Of the twenty-one people who are specifically said to be present, three are known sophists. In addition to Protagoras himself, there are Hippias of Elis and Prodicus of Ceos. Two of the sons of Pericles are said to be there, Paralus and Xanthippus. With the exception of Aristophanes, all of Socrates' named friends from the Symposium are in attendance: Eryximachus the doctor, Phaedrus, the lovers Pausanias and Agathon (who is said to be a mere boy at this point), and Alcibiades. Additionally, there are several unnamed foreigners whom Protagoras is said to have picked up in his travels and a servant (a eunuch) in the employ of Callias.

==The dialogue==

=== Introduction ===
The dialogue begins with an unnamed friend of Socrates asking him how his pursuit of the young Alcibiades, just now reputed to be growing his first beard, is proceeding. Socrates explains that while he has just been in the company of Alcibiades, his mind is now on more interesting matters. He says that the Sophist Protagoras, the wisest man alive (309c–d), is in town. Socrates relates the story of how his young friend, Hippocrates, son of Apollodorus, came knocking on his door before daybreak and roused him out of bed. Hippocrates was in a big hurry to be present when Protagoras held court, as he was expected to do, at the home of Callias, and wanted Socrates to introduce him as a potential student to the old Sophist, as Protagoras had a great reputation as a teacher.

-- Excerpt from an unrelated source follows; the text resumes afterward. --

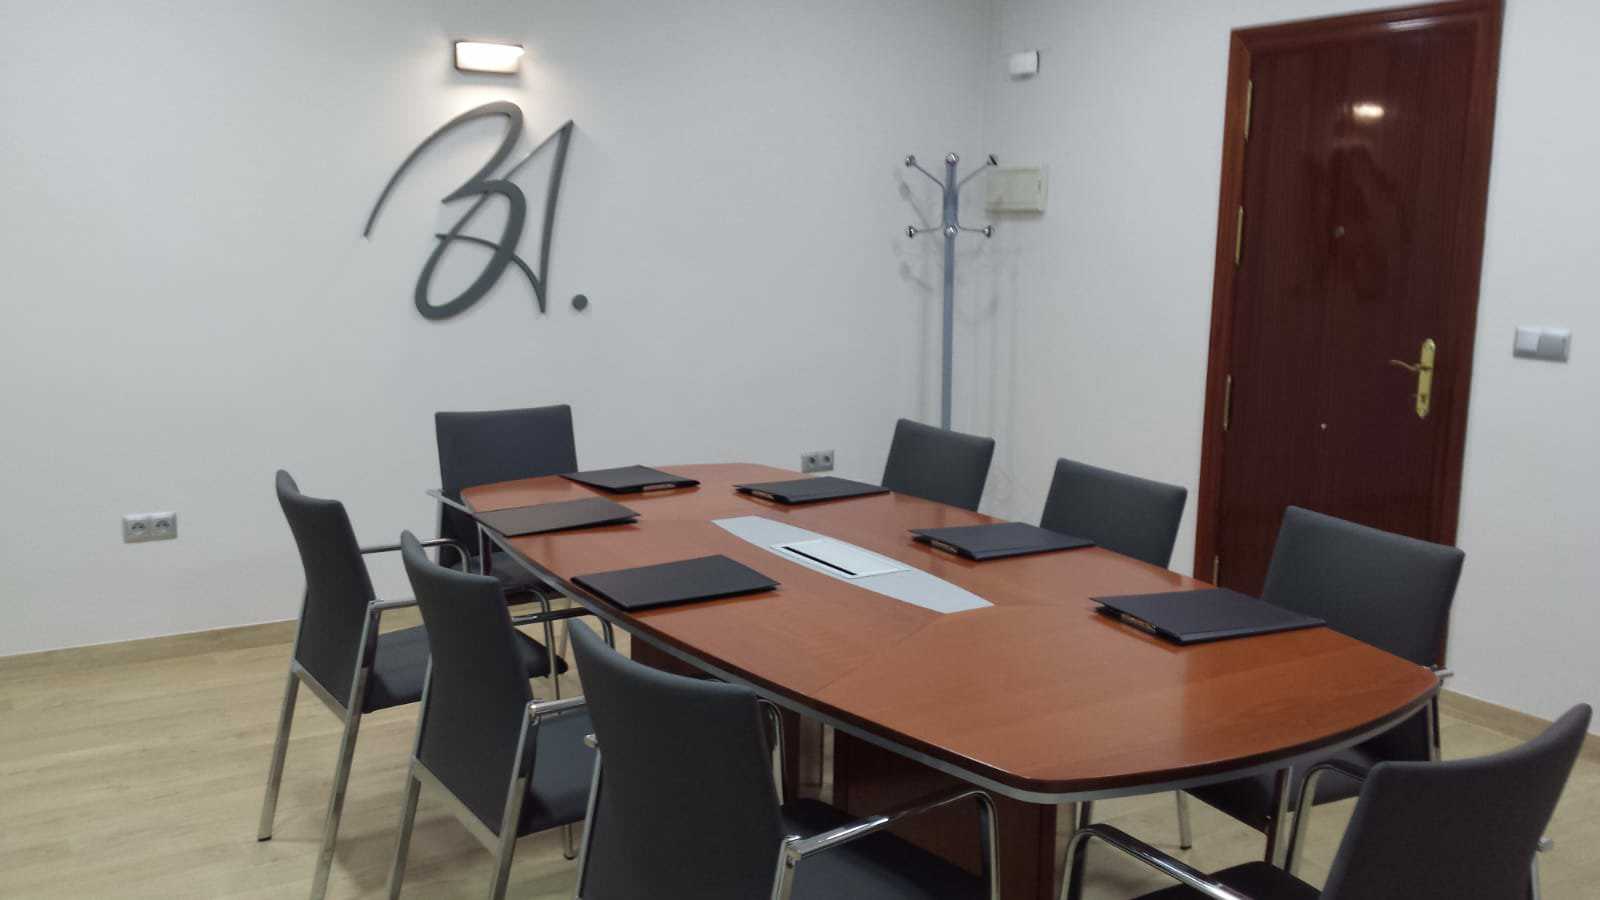 Sala de juntas, Abogados Juan Bautista Cano, en Málaga (proyecto y reforma 2018)
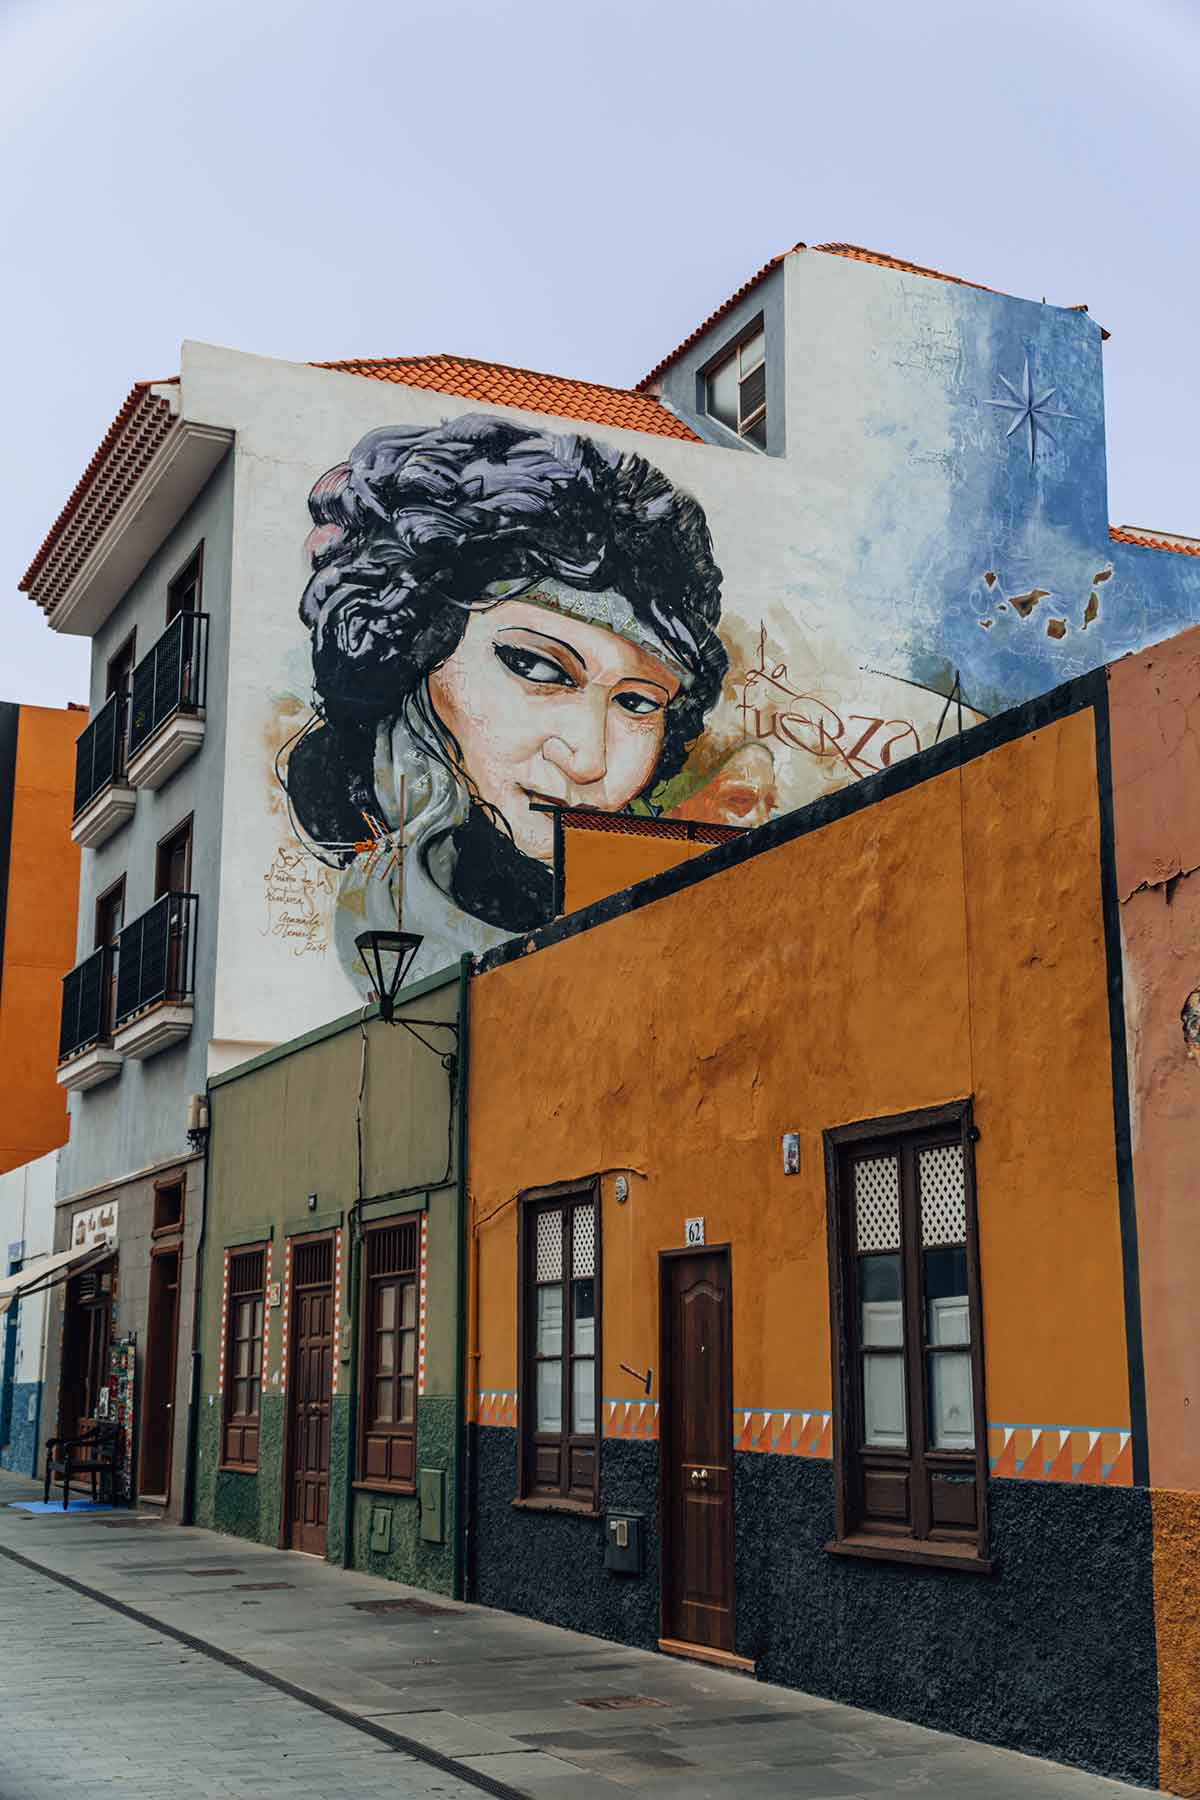 Local street art in Puerto de la Cruz

=== Socrates examines Hippocrates ===
Socrates warns the excitable Hippocrates that Sophists are dangerous. He tells him that the words of the Sophists go straight into the soul (psychē) and can corrupt a person straightaway. Socrates says that buying wisdom from a Sophist is different from buying food and drink at the market. With food and drink, you never know what you are getting, but you can consult experts for advice before consuming anything that might be dangerous (313a–314c).

Socrates says he regards Prodicus as a man of inspired genius (316a). He expresses the same admiration for Prodicus in another dialogue, the Theaetetus. Socrates later notes that Prodicus was assigned to sleep in a storage room that his host had cleaned out for the visit (315d).

=== At the house of Callias ===
Socrates accompanies Hippocrates to the home of Callias, and they stand in the doorway chatting about "some point which had come up along the road" (314c). A eunuch opens the door, takes one look at them, guesses they are Sophists, and slams the door in their faces (314d). They knock again, and this time assure the porter they are not Sophists, but only want to visit Protagoras. The porter lets them in, and it is at this point that Socrates recites the list of guests. Upon entering, Socrates and young Hippocrates witness the great Sophist Protagoras walking around the cloister, surrounded by numerous men, some of them famous Athenians which Socrates mentioned by name, like Charmides and the two sons of Pericles. Plato describes how the crowd opens and reassembles behind Protagoras every time the Sophist makes a turn while walking.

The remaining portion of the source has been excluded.